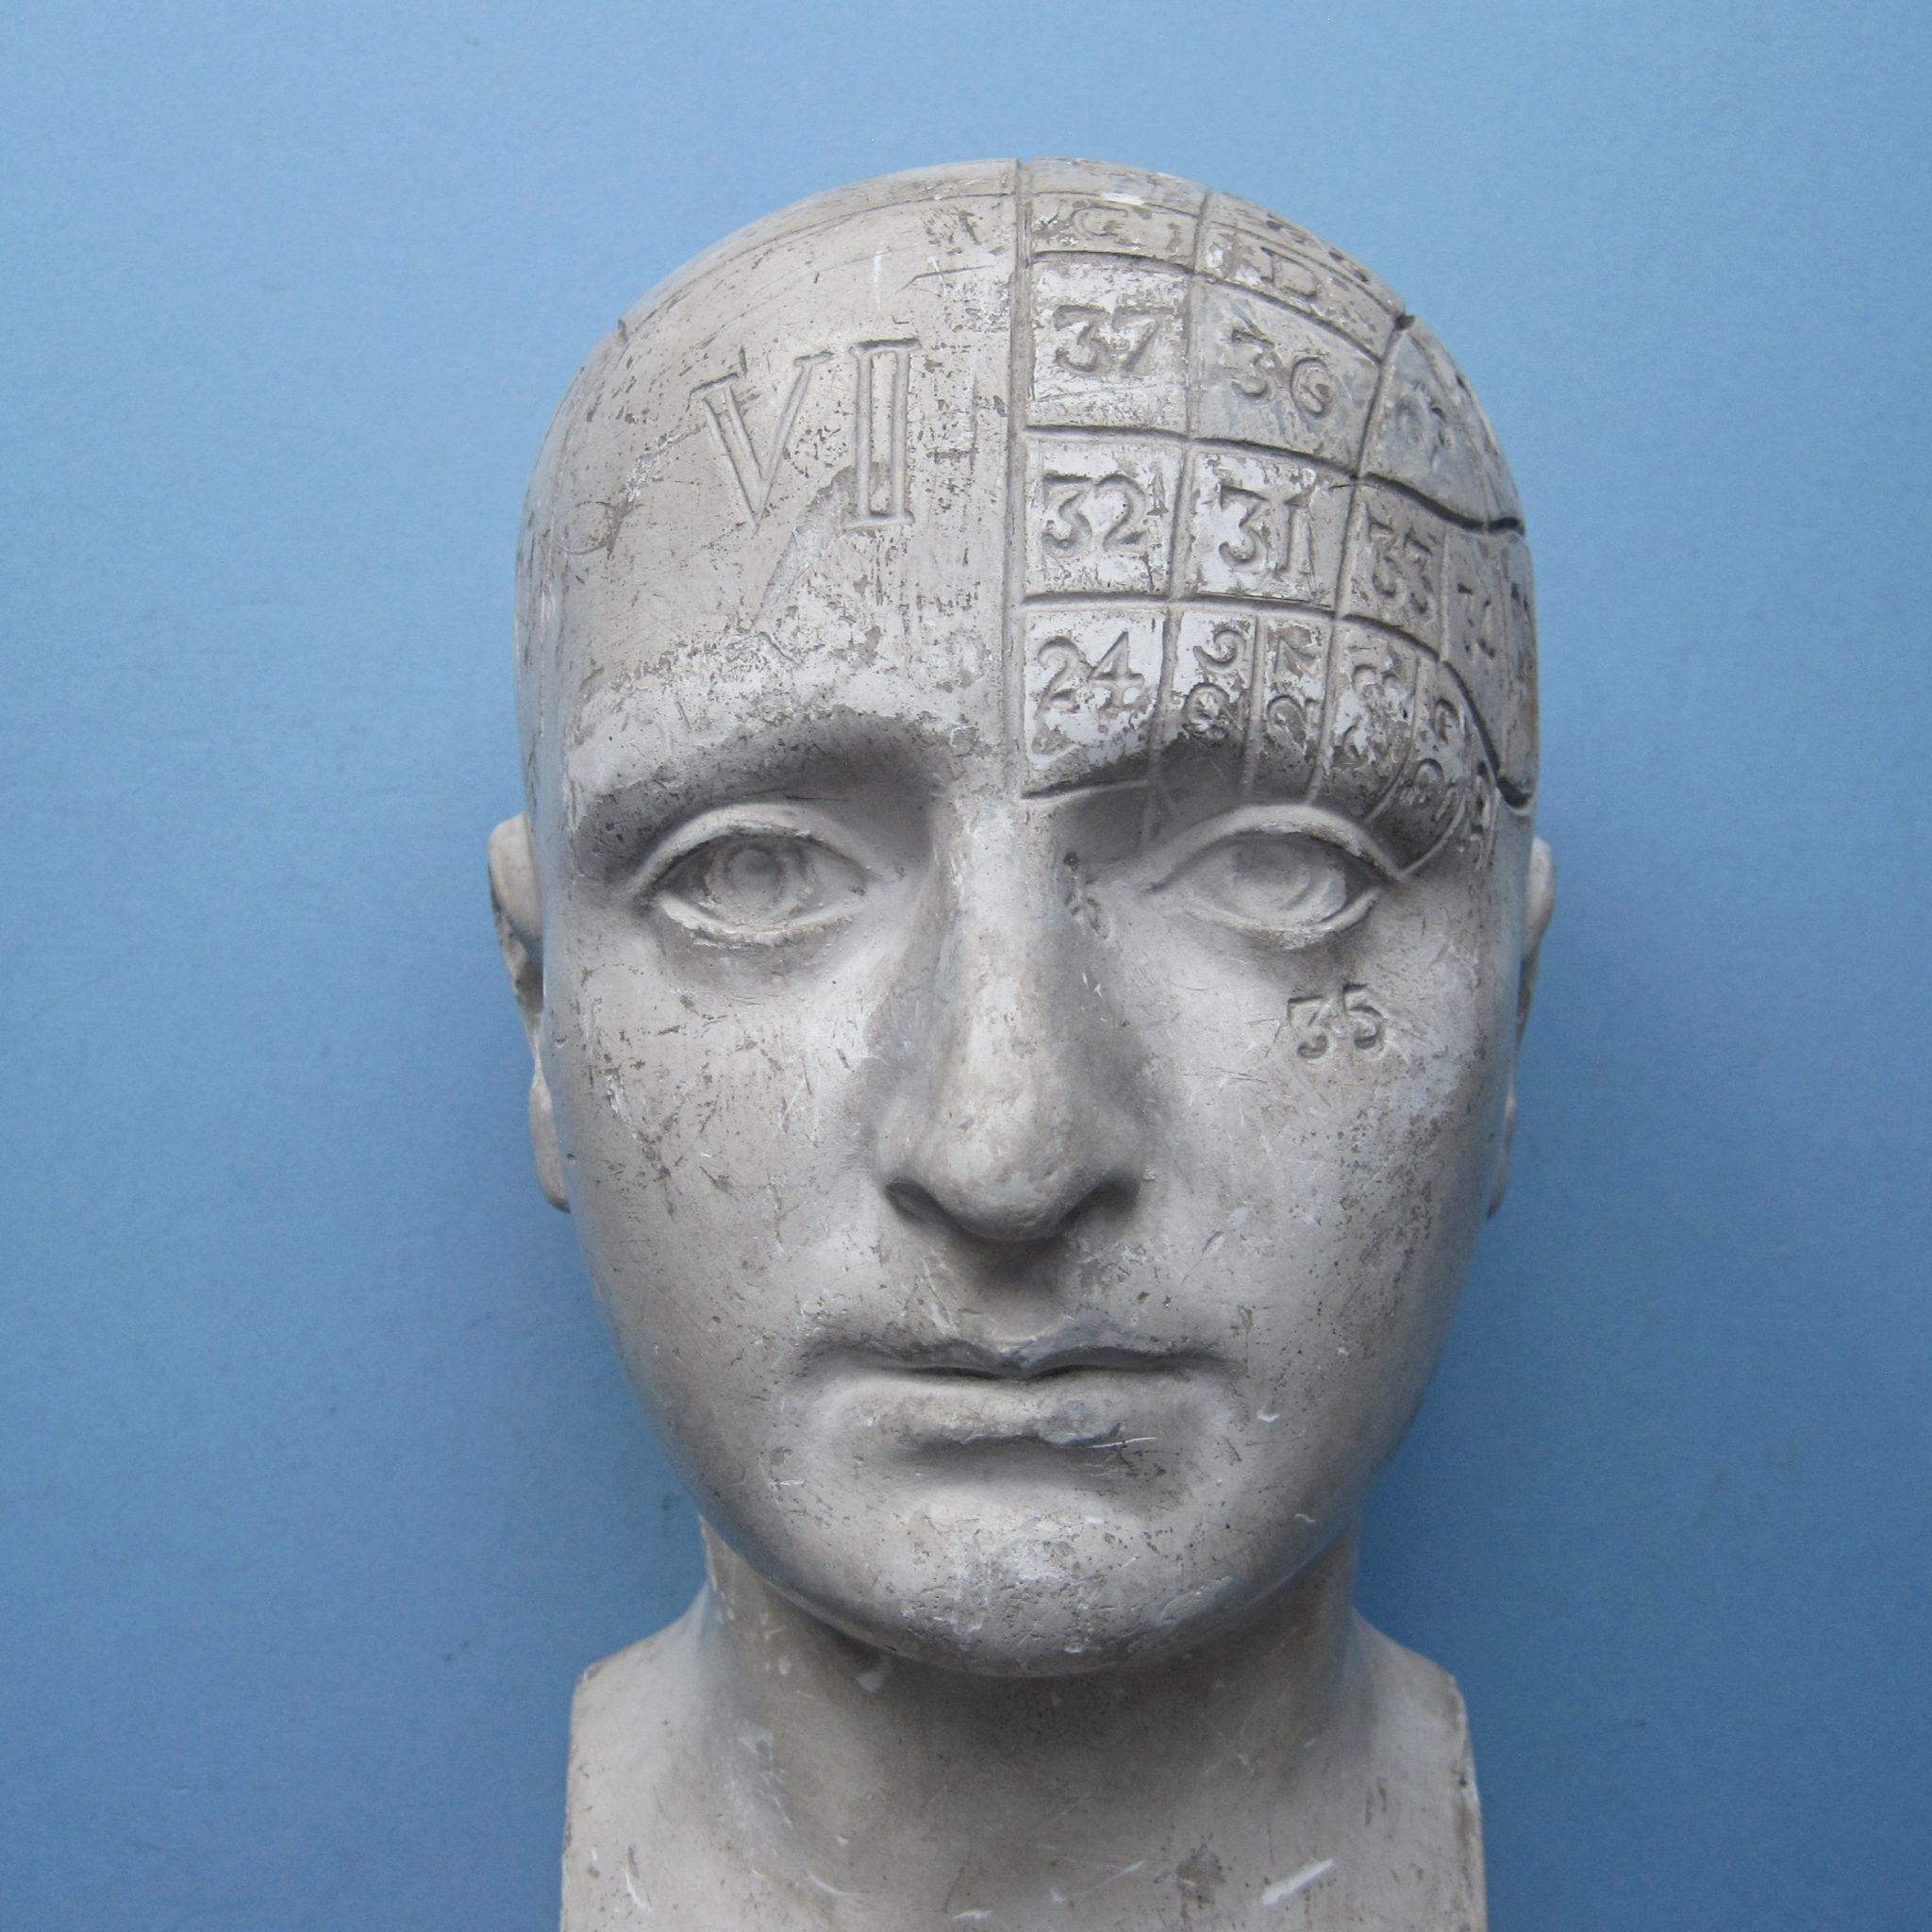 FOWLER & WELLS Variant Phrenological Head
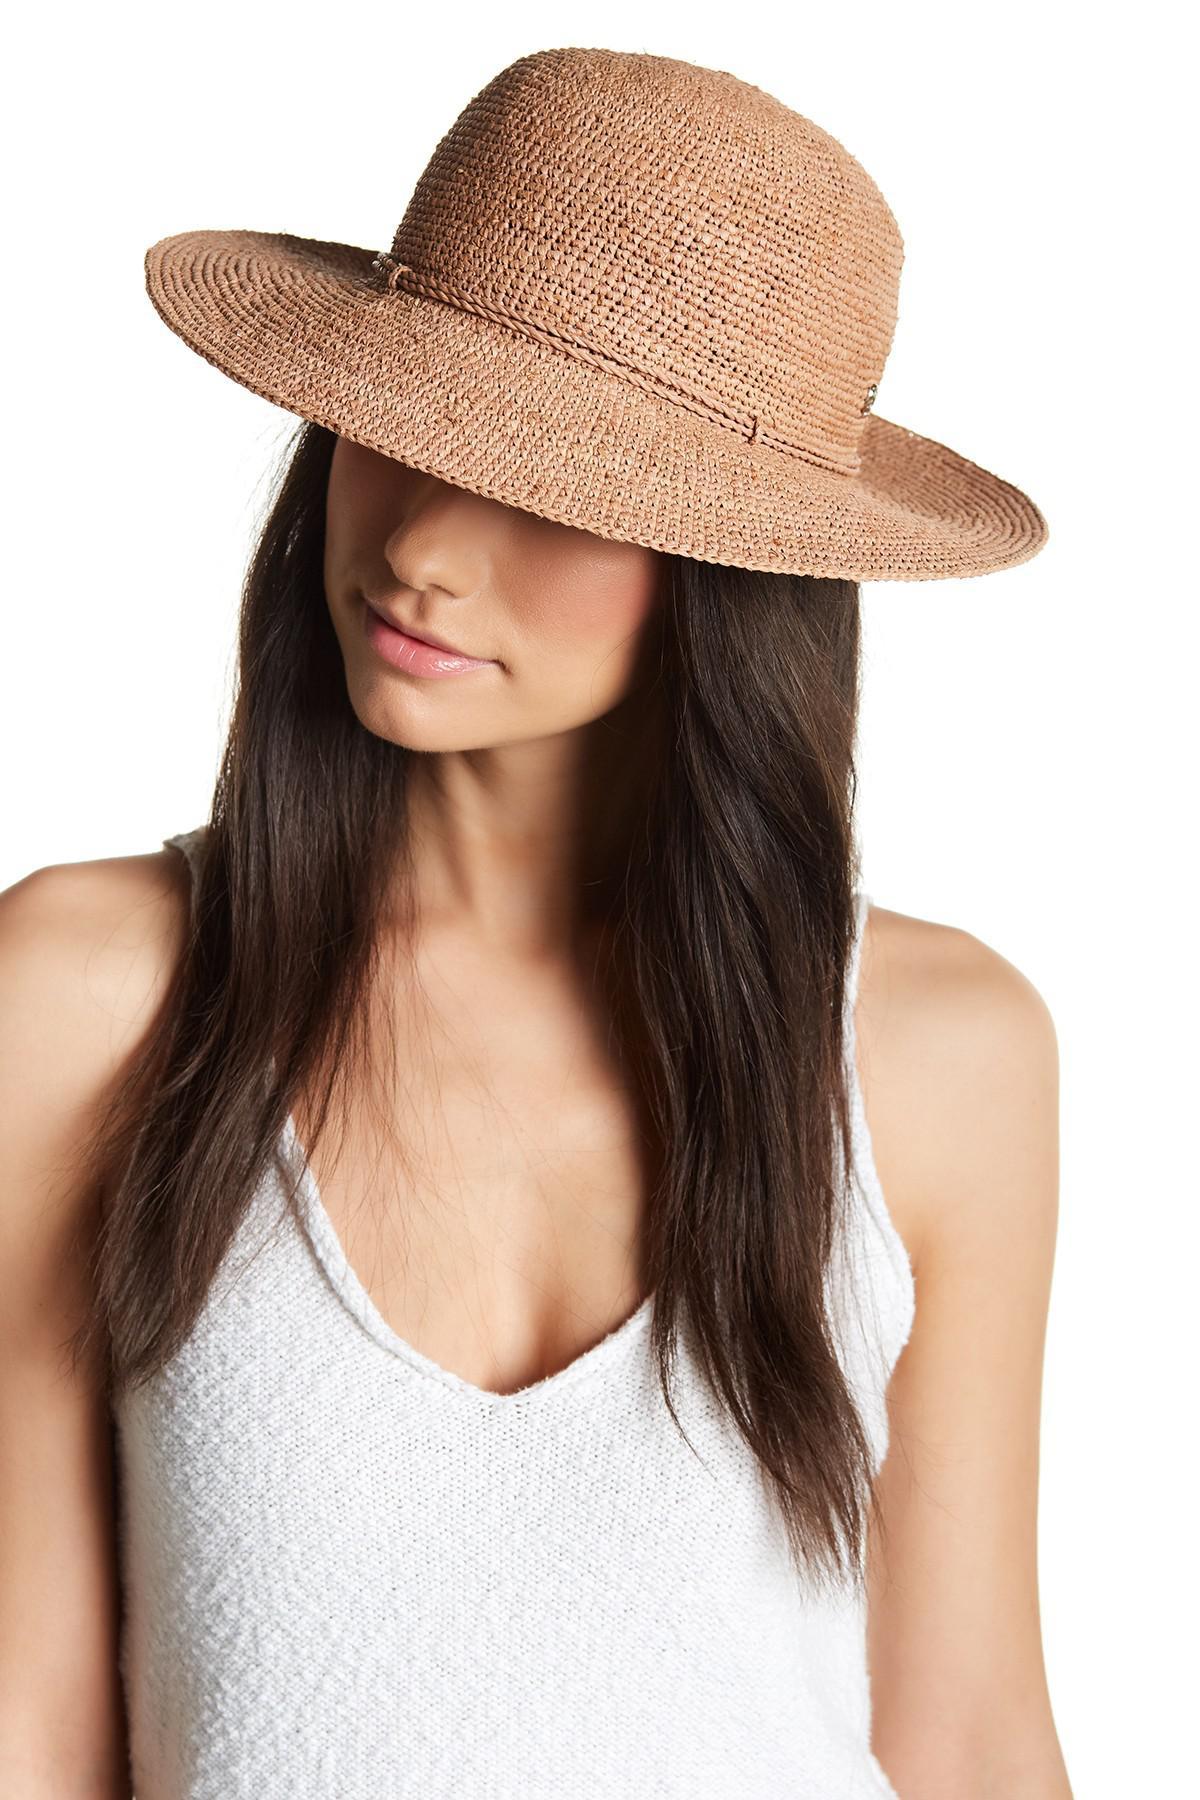 Lyst - Helen Kaminski Caicos Hat 6417d1ce16ca
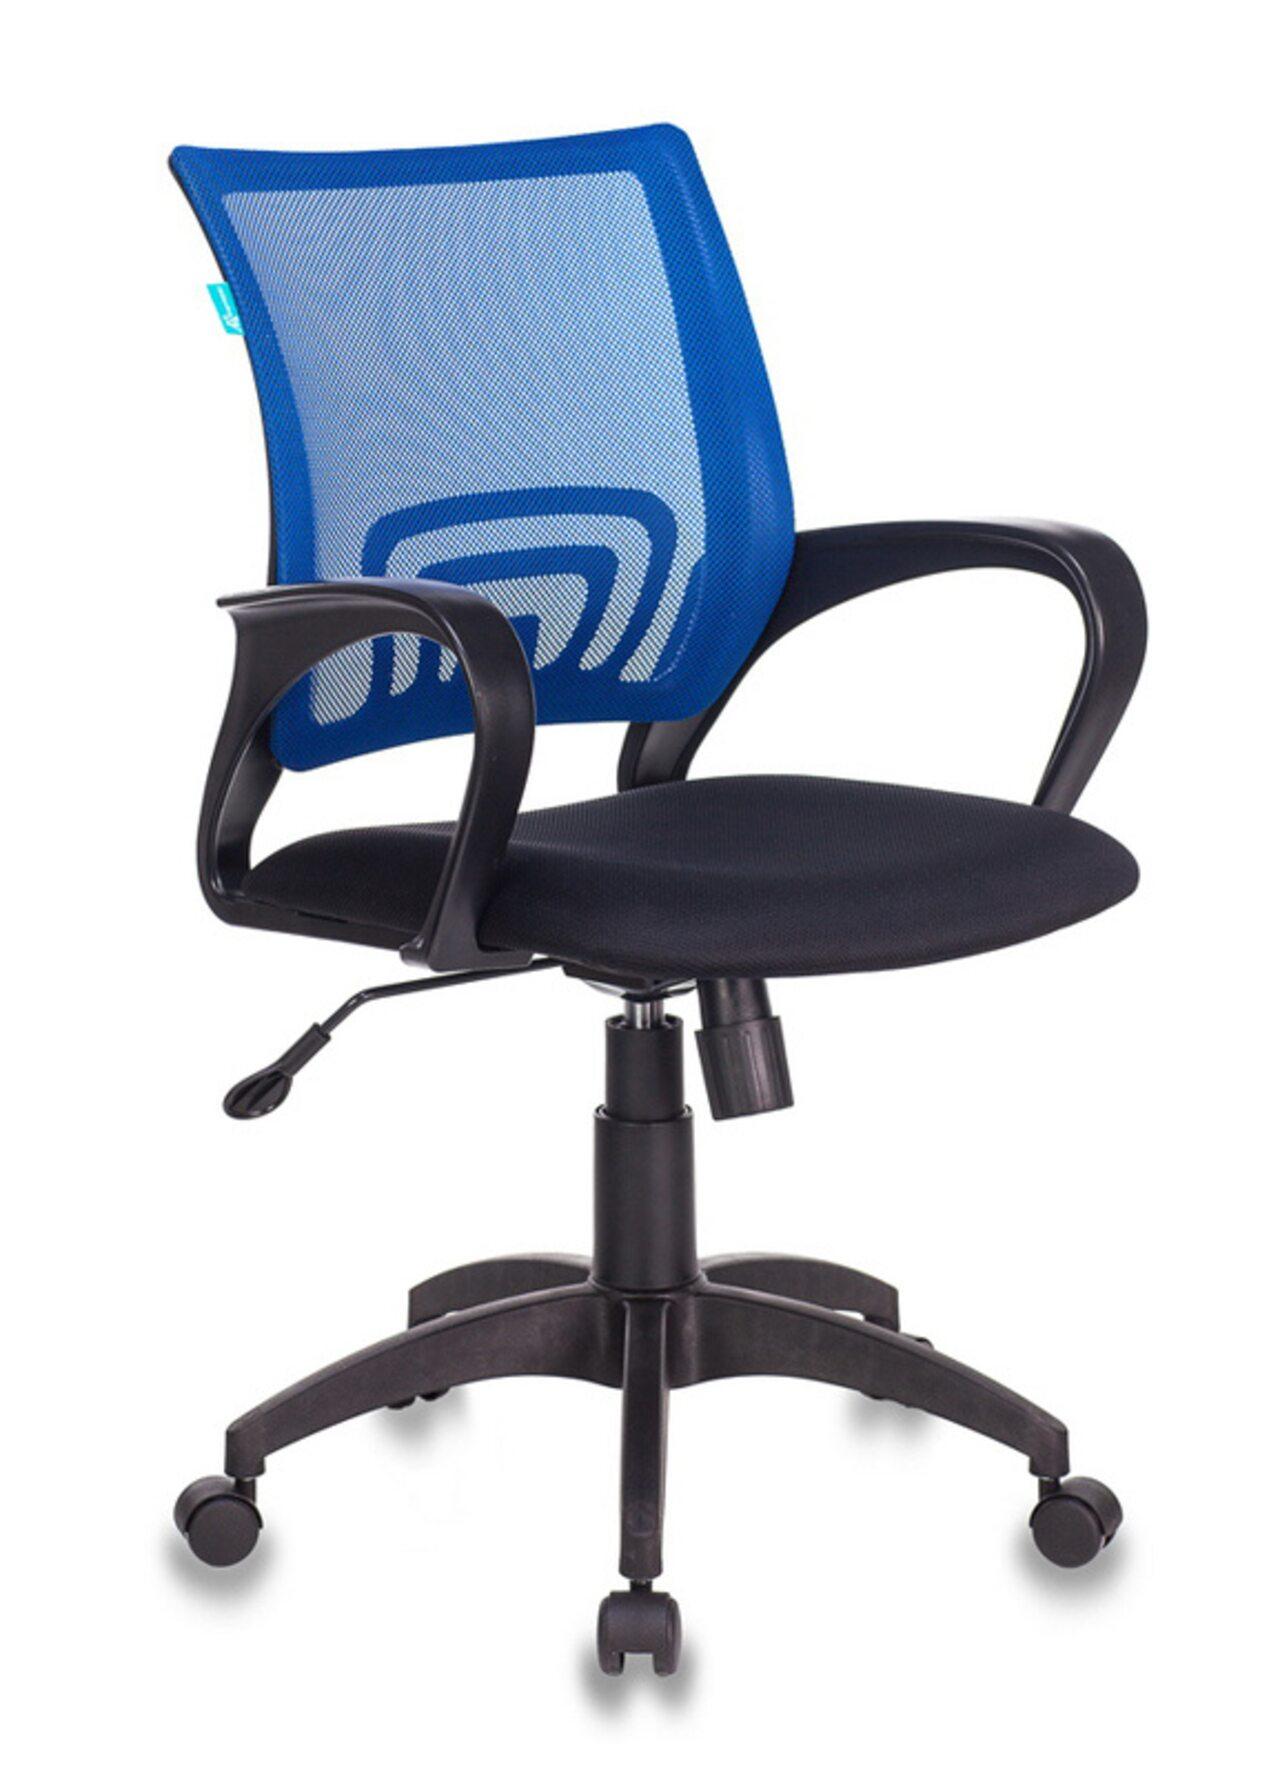 Кресло для персонала CH-695N/ - фото 1
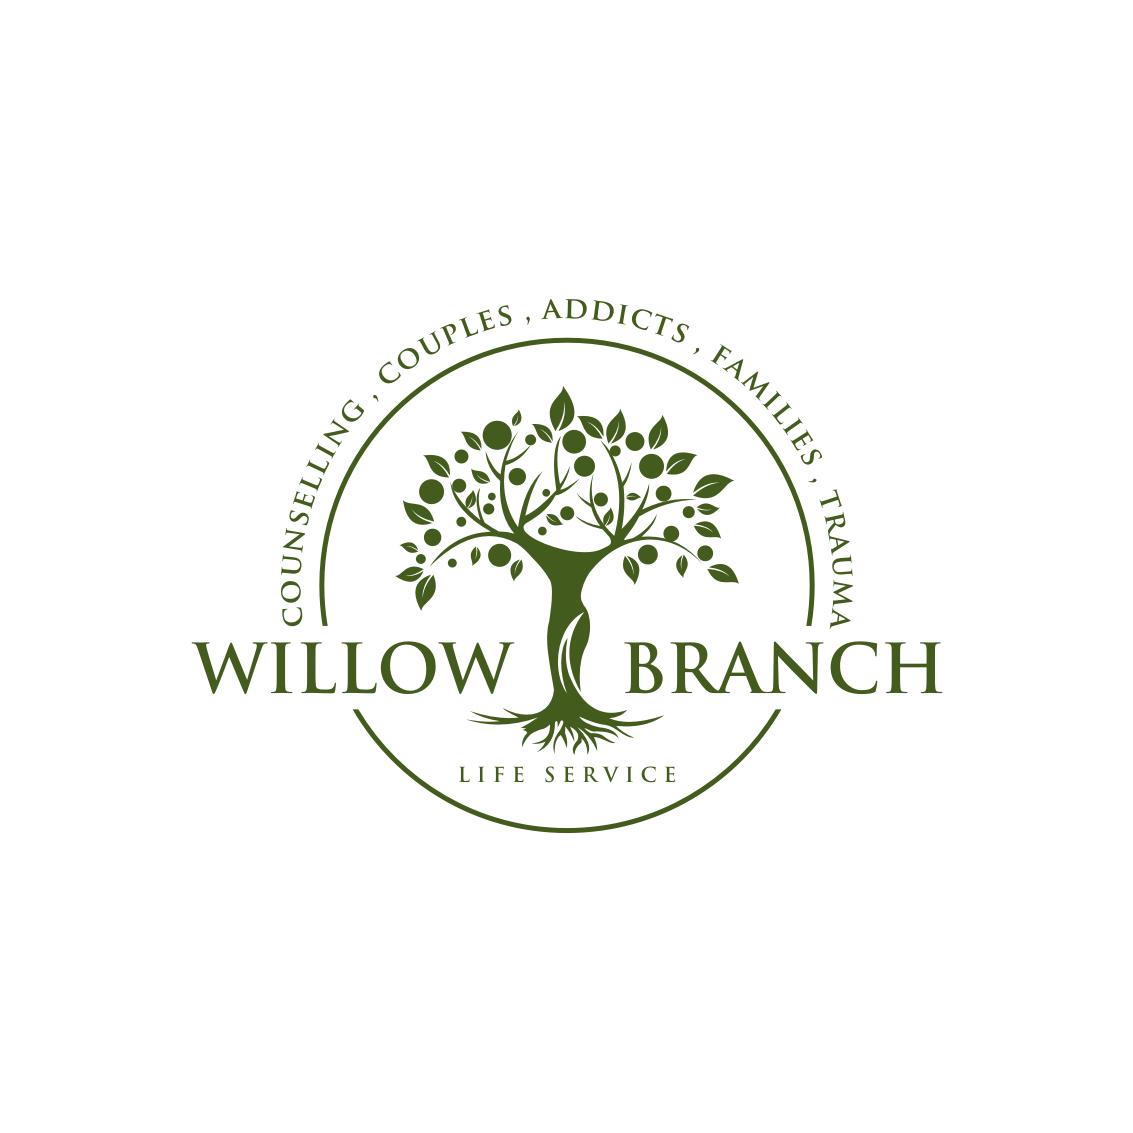 Logo Design by Analla Art - Entry No. 90 in the Logo Design Contest Artistic Logo Design for Willow Branch Life Service.

### GOAL OF THE EXERCISE
Strip the images and return the remaining data exactly.

### ANSWER TO THIS PROBLEM
 FOWLER & WELLS Variant Phrenological Head
 Lyst - Helen Kaminski Caicos Hat 6417d1ce16ca
 Кресло для персонала CH-695N/ - фото 1
 Logo Design by Analla Art - Entry No. 90 in the Logo Design Contest Artistic Logo Design for Willow Branch Life Service.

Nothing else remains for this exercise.